**Brief:** None of the pictures should be copied, though every line of the listing must be printed exactly.

**Given material:**

"""

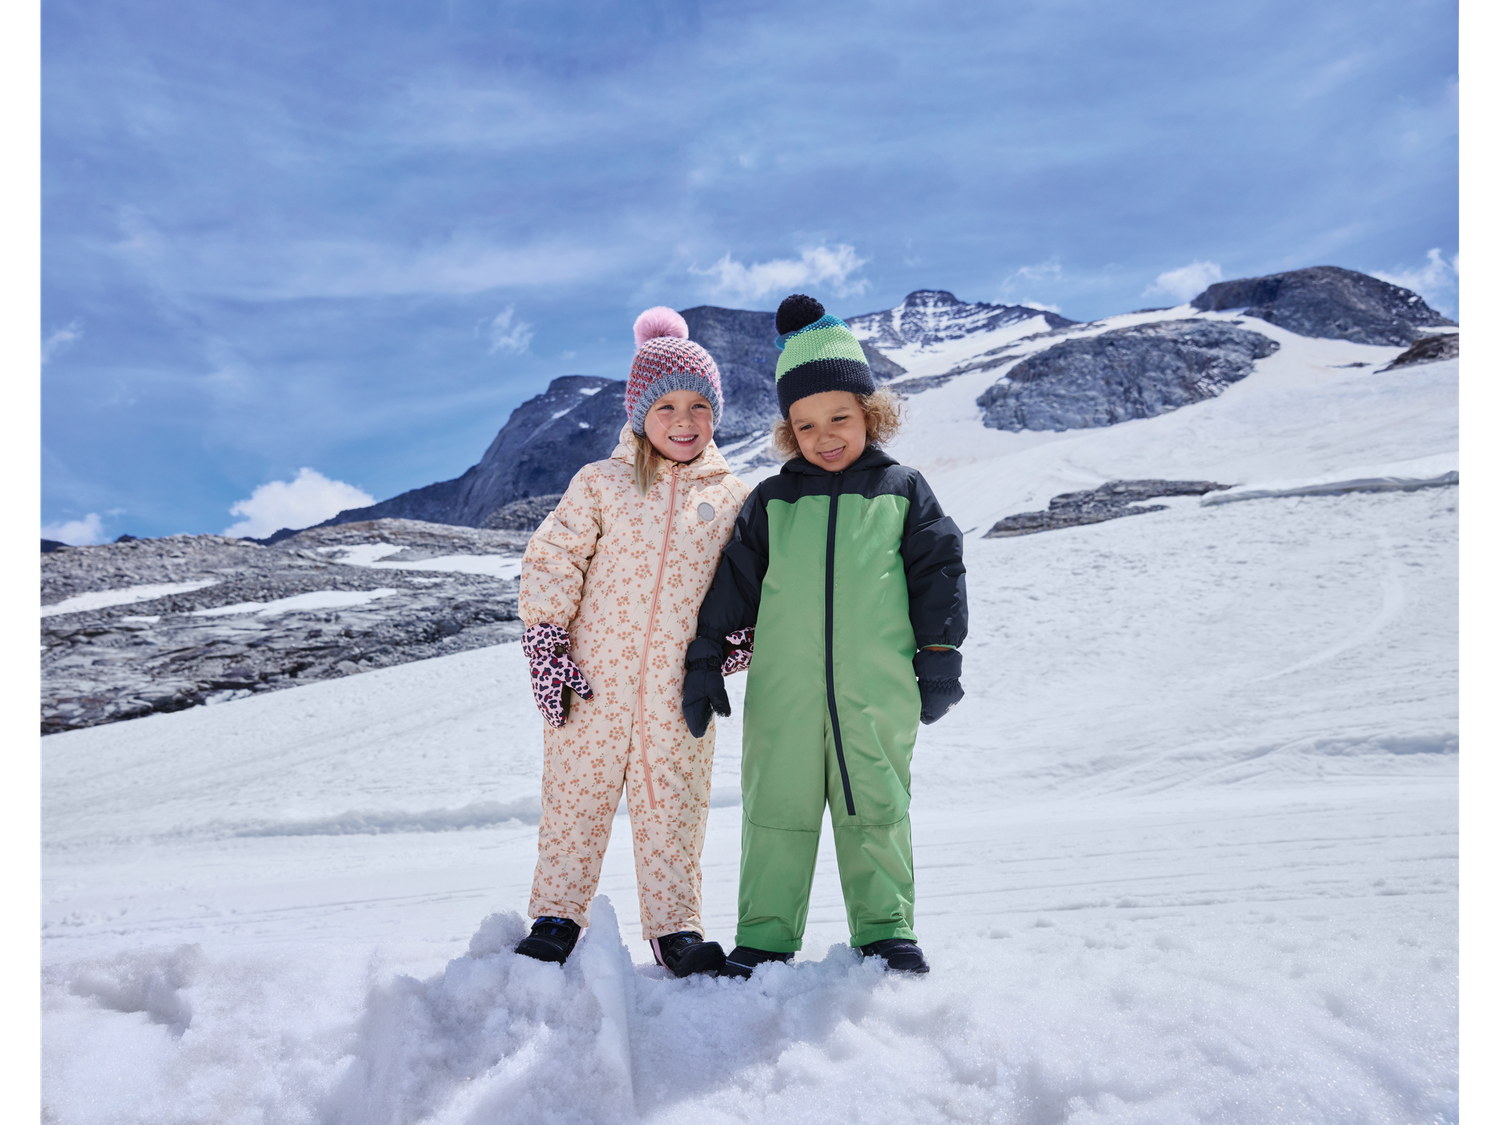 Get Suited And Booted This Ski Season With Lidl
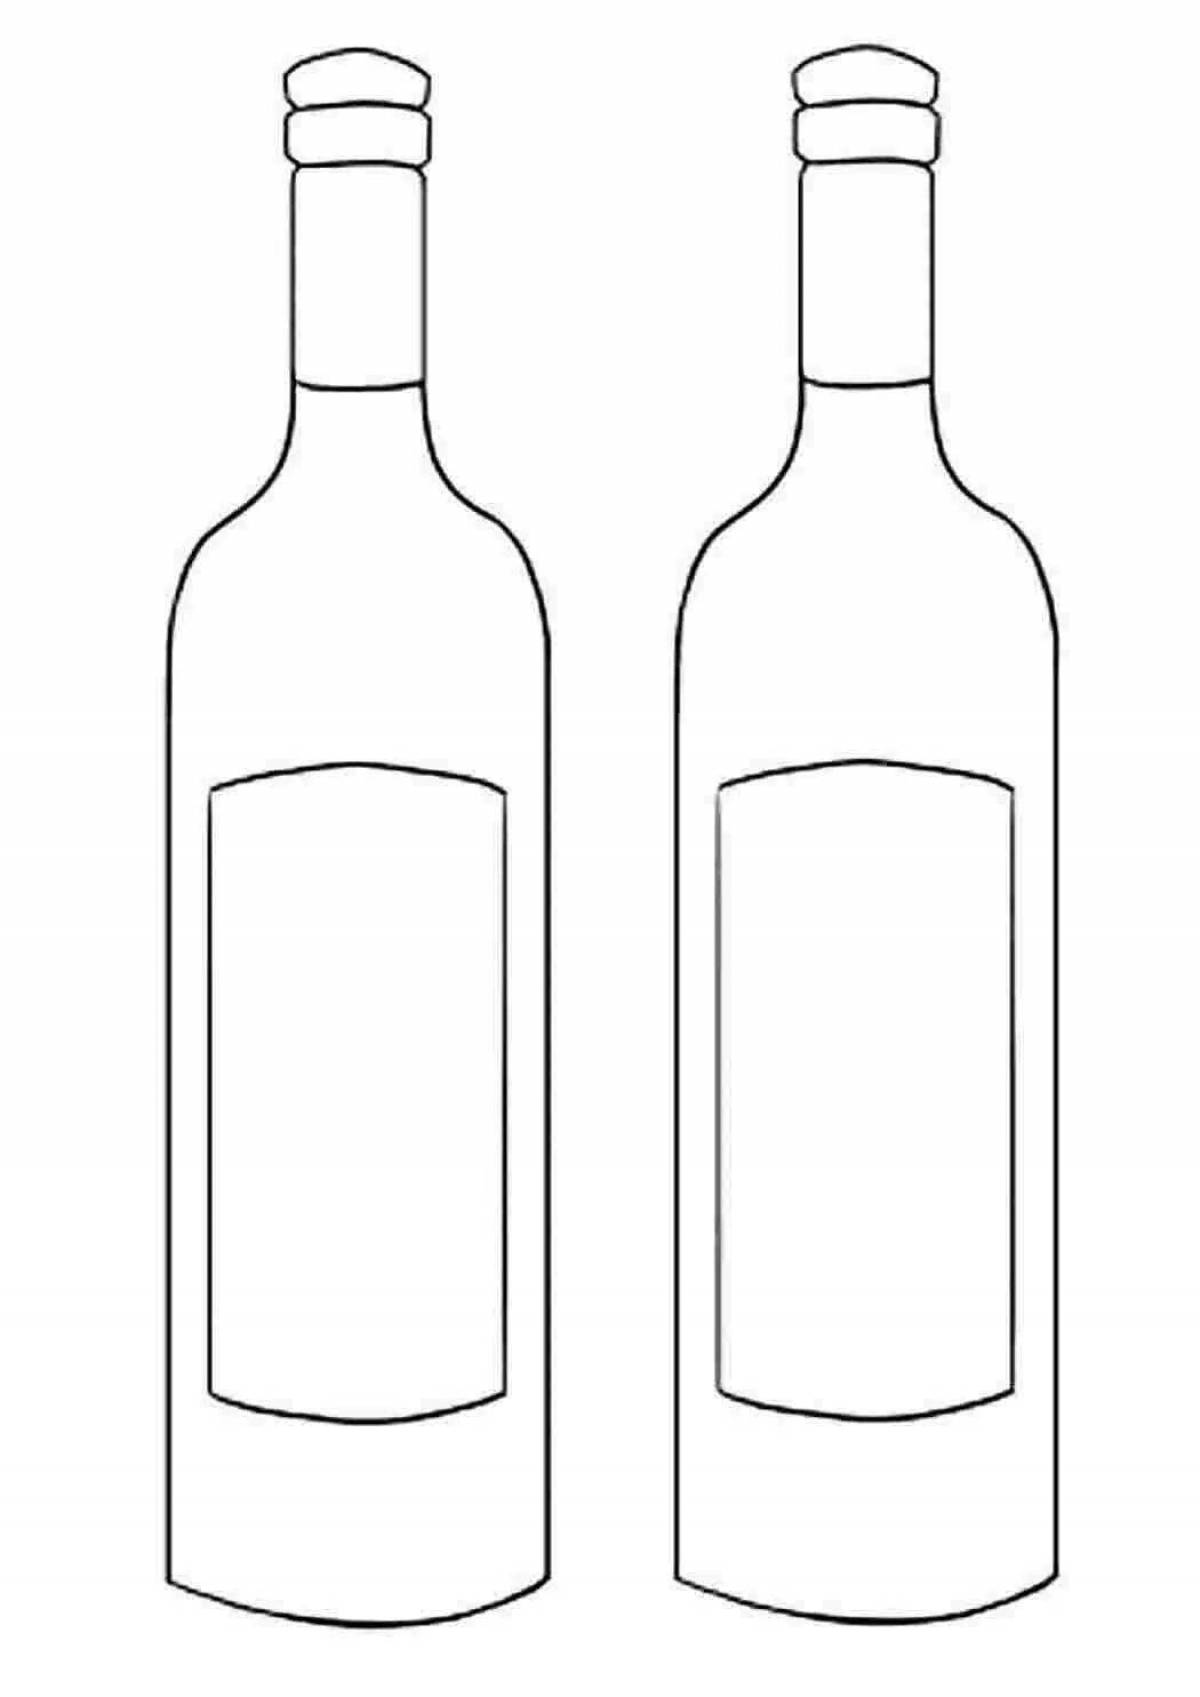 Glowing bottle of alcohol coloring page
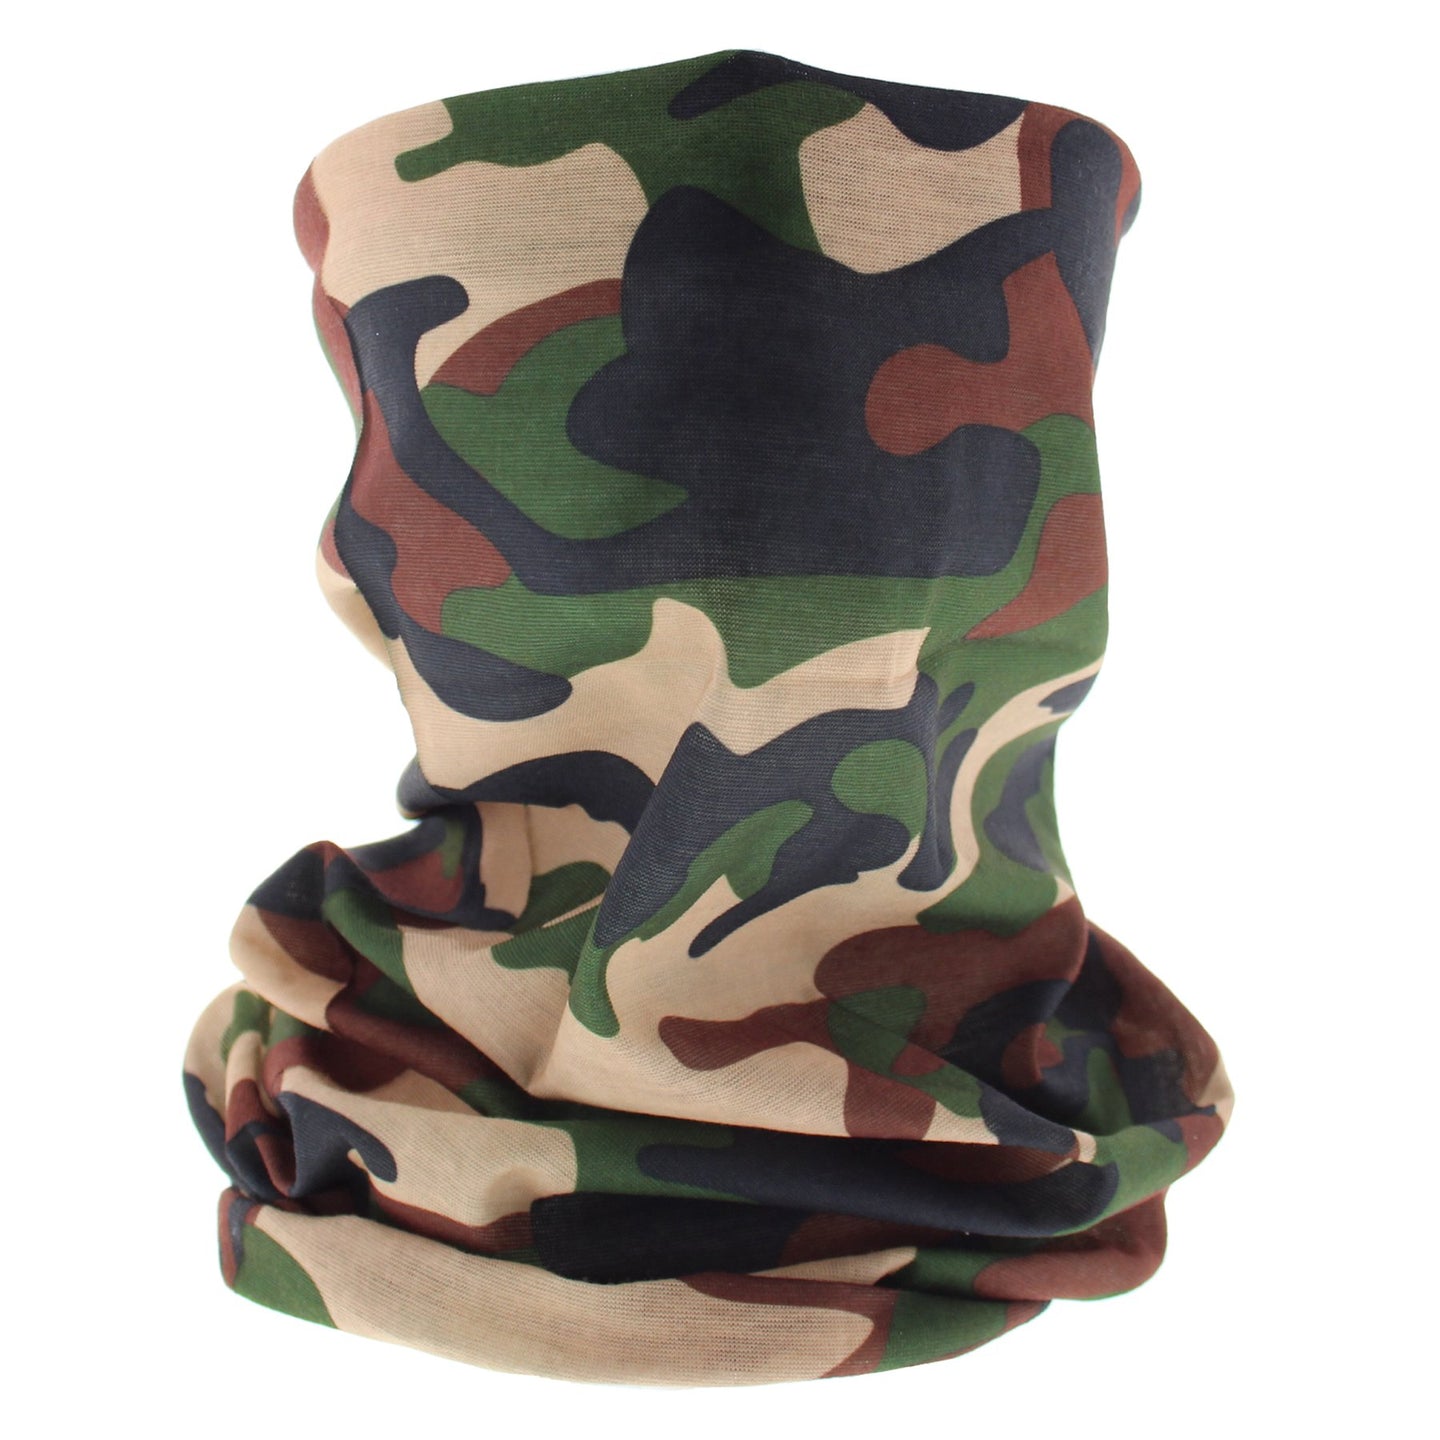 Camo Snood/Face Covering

"""

**Task answer:**
 Get Suited And Booted This Ski Season With Lidl
 Glowing bottle of alcohol coloring page
 Camo Snood/Face Covering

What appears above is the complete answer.